Key Ideas, Conceptual Approach, Research Design and Methodology
Key ideas underpinning the analysis is the key role of Singapore’s development-oriented state in shaping education policy and practice in response to changing socio-economic circumstances. The role of an elite but performance-oriented bureaucracy which built upon cultural and aspirational foundations is seen as central to Singapore’s success.
Research was principally, analysis of policy documents, personal experience of policy making on various policy government committees (Resource Person for Government Parliamentary Committee on Education, Member and Junior College/Upper Secondary Review Committee). Additionally, four decades of experience at senior management levels in school leadership, teacher preparation and education research at the National Institute of Education, Singapore.
Main Findings and Conclusion
The centrality of education and training to Singapore’s socio-economic development has remained consistent. Education continues to be well resourced, led by able ministers and a highly competent bureaucracy. The government of the day is able to build on strong foundations established in the 70s and 80s. Efforts to build capacity and professionalism amongst teachers and school leaders, updating curricula and pedagogy to ensure relevance are examples of careful and calibrated reform.
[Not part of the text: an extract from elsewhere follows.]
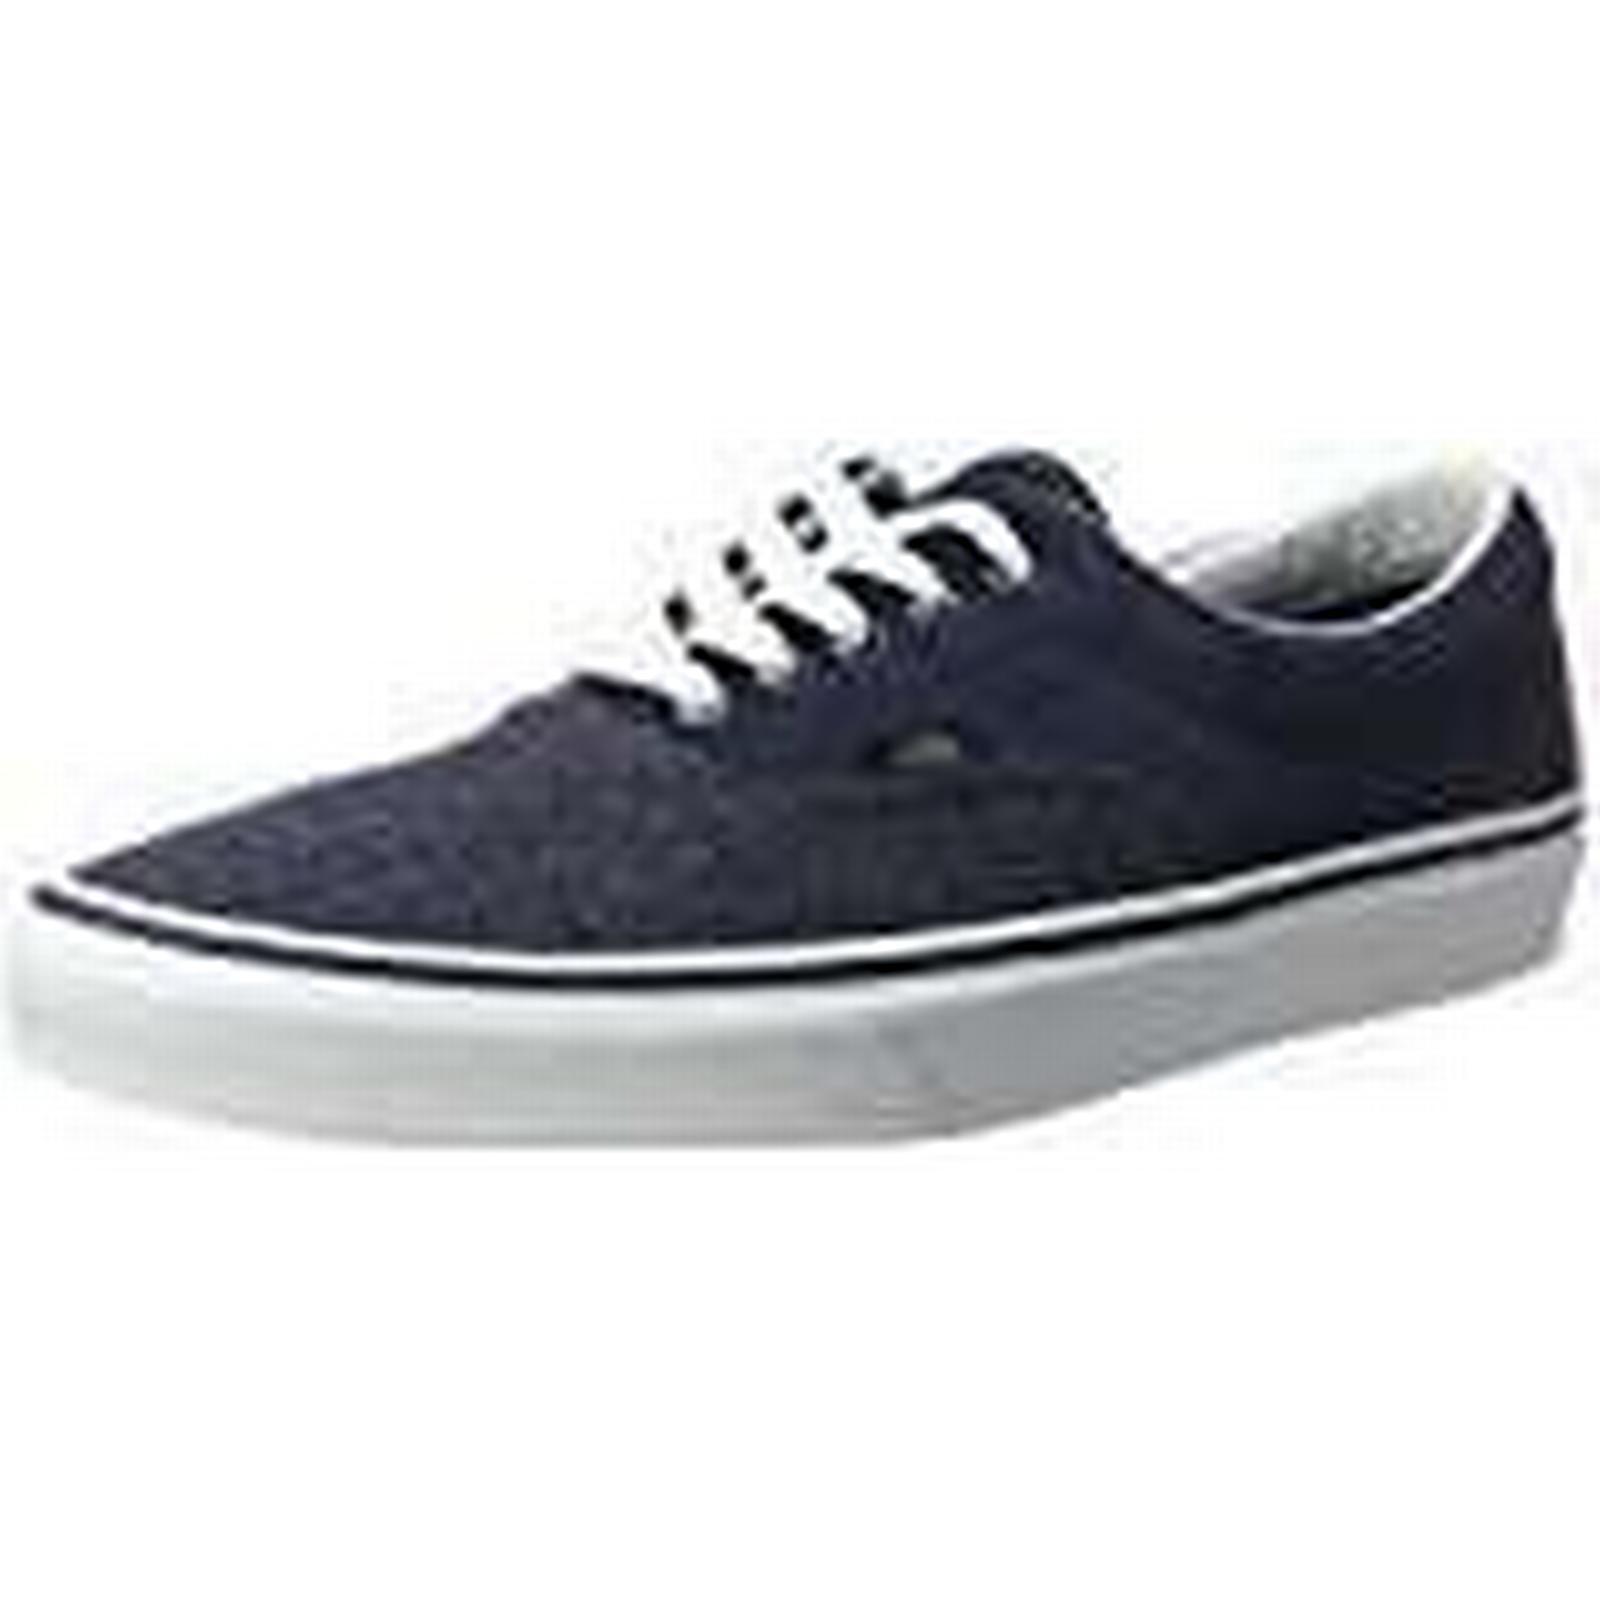 561a6e4cd3df7 Vans Men s Blue Dress suedesuiting Era Trainers U0xUq1

Yet problems remain which will require further reform. Assessment reform initiatives have been modest and excessive competition pervades the system, spawning a large ‘shadow education’ system. There is scope for greater school autonomy given how well schools are currently managed. There is still a ways to go before the educational ideal of broad based educational outcomes is achieved in Singapore’s system.
References
- Zongyi, Deng & S. Gopinathan (2016). PISA and high performing education systems: explaining Singapore’s education success. Comparative Education.
- S. Gopinathan (2015). Singapore Chronicles: Education. Singapore: Institute of Policy Studies, Straits Times Press.
- Koh, A. (2010). Tactical globalization: Learning from the Singapore experiment. Peter Lang.
- Lee, S. K., Lee, W. O., & Low, E. L. (Eds.). (2013). Educational policy innovations: Levelling up and sustaining educational achievement. Springer Science & Business Media.